«El docente desterrado»

Existen docentes que viven desterrados, en eterna expectativa de un destino definitivo. Son docentes nómadas desplazados por distintos motivos, forasteros que cambian de centro cada curso o varias veces en un curso, con una implicación variable y un compromiso arbitrario debido a la incertidumbre del que está de paso. Son docentes migrantes que, con tantos traslados, se sienten intrusos en los centros de acogida, extraños en entornos cambiantes. Trabajan con la inseguridad de la falta de permanencia y continuidad, unos con ilusión y entrega pese a todo, otros con la frustración y la apatía lógicas. Son docentes itinerantes en perpetua alerta ante las cada vez más escasas vacantes que se ofertan, porque cada vez hay menos provisión de puestos de trabajo que ocupar –ya que se siguen cerrando más y más unidades públicas, sólo públicas–, y porque la Administración se reserva muchas vacantes definitivas, manteniéndolas como provisionales debido a que dan más juego y más margen de maniobra a la hora de colocar efectivos, es decir, porque a la larga se ahorran desplazamientos y supresiones. Incluso son docentes que viven pendientes, como interesados o afectados, de que ciertas plazas en ciertas materias se ofrezcan o no como bilingües (ahí muchas directivas entran en juego y casi eligen a sus pretendientes). Son docentes que buscan un lugar en la vida, pendientes de un sitio donde asentarse.

Otros docentes viven otro tipo de destierro, una especie de exilio interior. Son disidentes de la comunidad educativa a la que pertenecen, aislados y excluidos simplemente por sublevarse u oponerse a las cada vez más frecuentes imposiciones burocráticas (“aBoerridos”), obligaciones no tipificadas y exigencias extraescolares. Este exilio voluntario representa bien una forma de protesta para evitar la persecución, bien un acto de vergüenza y dignidad frente al abuso de poder o, incluso, una manera de aislarse para poder aprovechar el tiempo para otros asuntos. Estos docentes viven como parias en sus propios centros, pagando un alto precio por pensar y decir lo que piensan, que suele ser lo contrario al canon establecido, siendo obligados a callar y a cumplir las normas (sobre todo las no escritas), amedrentados con continuas presiones que intentan socavar su entereza. Alejados de lo políticamente correcto, humildemente se afanan por ejercer su profesión honradamente y con libertad, cumpliendo con su deber y limitándose a enseñar y a que su alumnado aprenda una materia, contribuyendo a que se forme como una persona crítica, que comprenda y razone y no asuma ni acate. Estos docentes sufren la animadversión de sus superiores y la antipatía de sus compañeros, quedando expuestos a situaciones injustas y represalias. Muchos acaban rindiéndose, pero, como diría el Capitán Alegría en Los girasoles ciegos: “un rendido es un enemigo derrotado, pero sigue siendo un enemigo”. Peores son los que se rindieron y huyeron, convirtiéndose en desertores de la tiza que, por seguir con el símil, son “un enemigo que ha dejado de serlo”.

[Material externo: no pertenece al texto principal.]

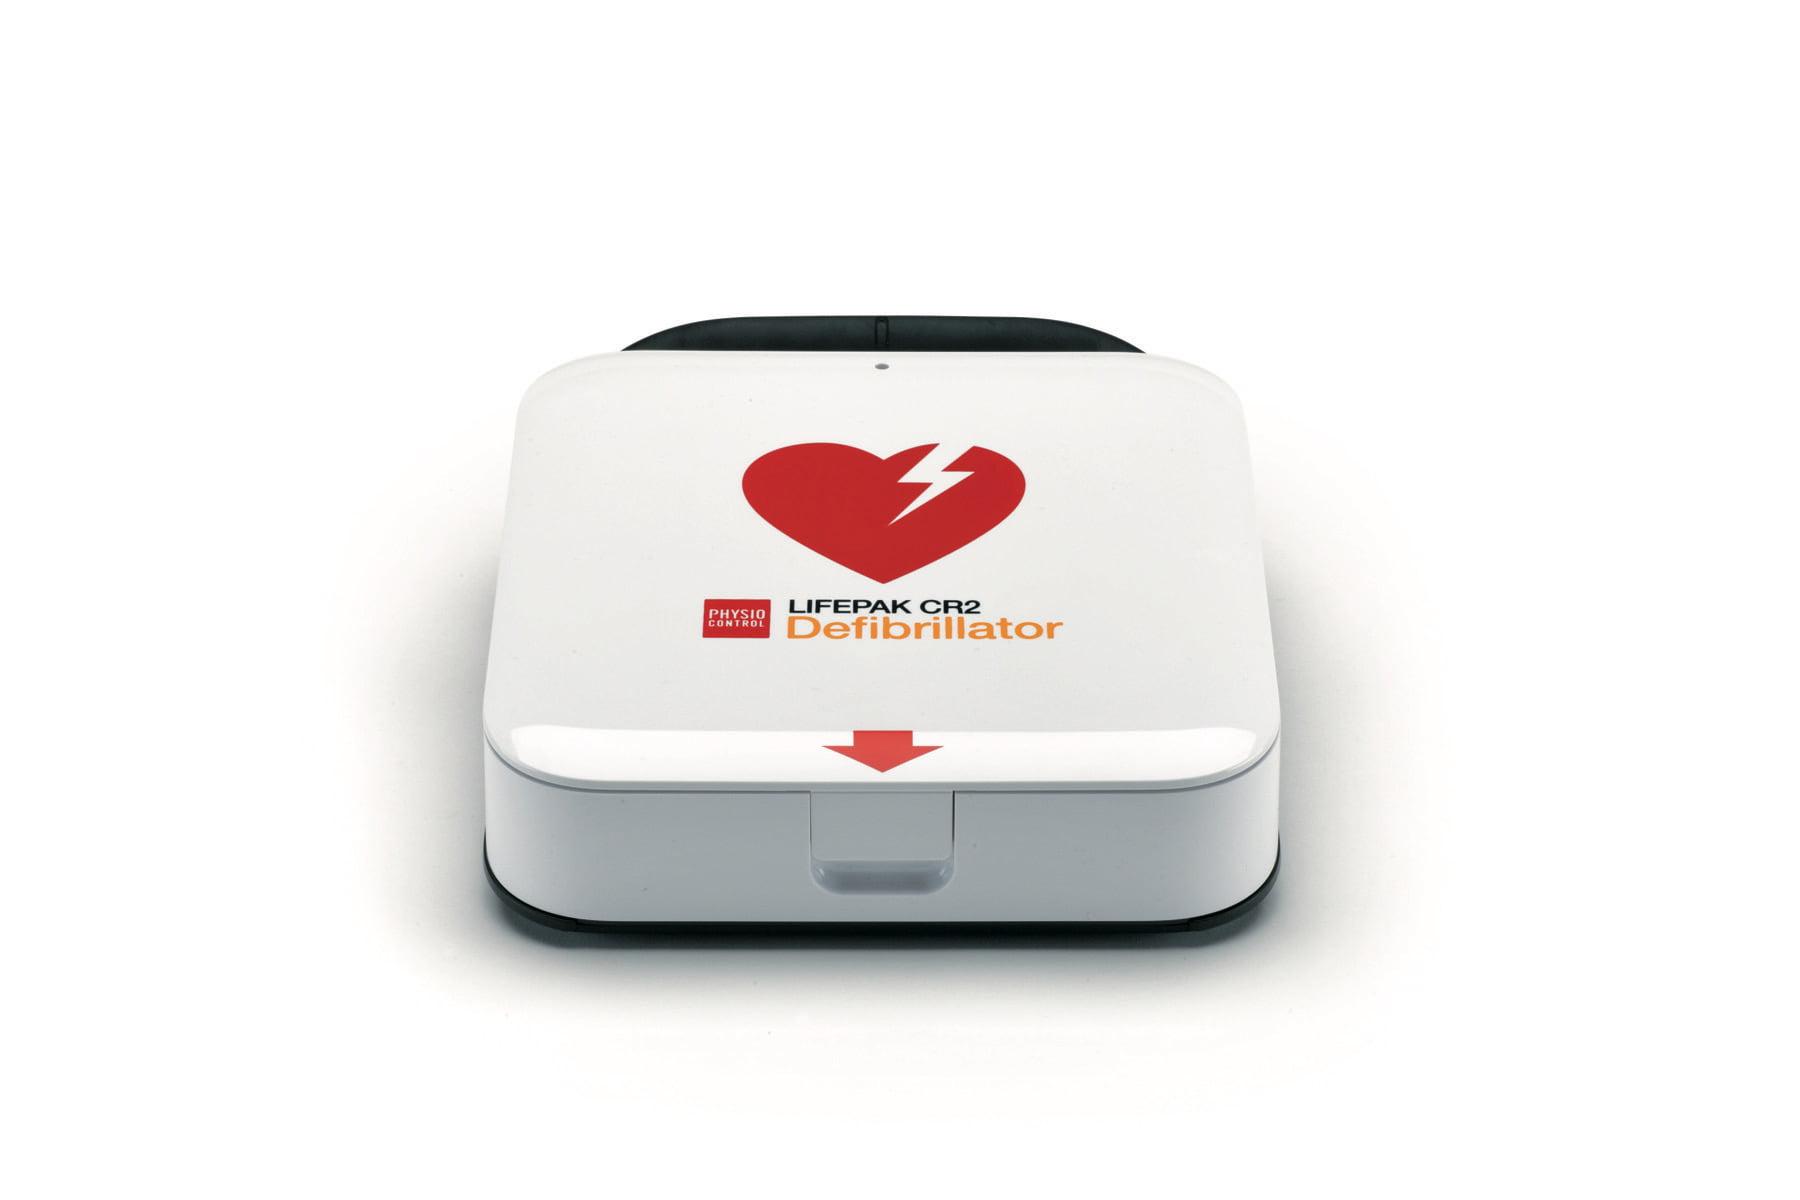 HLR hjärtstartare lifepak cr2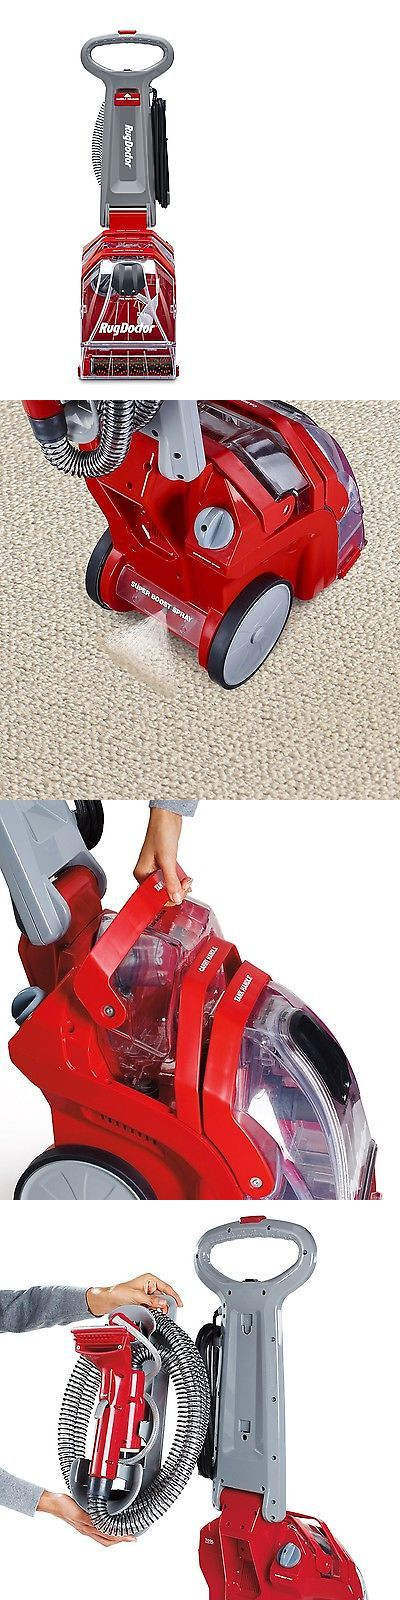 Carpet Shampooers 177746: Rug Doctor Deep Carpet Cleaner And Rug Doctor Pet  Pro Carpet Cleaner64

Unos y otros forman parte de claustros cada vez más variopintos y cambiantes curso tras curso, condenados a una falta de continuidad que dificulta la coordinación a corto plazo y cualquier planificación a largo plazo, así como el afianzamiento de cualquier plan, proyecto o programa que al final se convierten en meros pasatiempos temporales, consentidos y sin sentido, que desplazan la obsoleta educación formal (y los denostados estudio y esfuerzo), apostando por la educación no formal y por la informal. Pero esa ya es otra cuestión.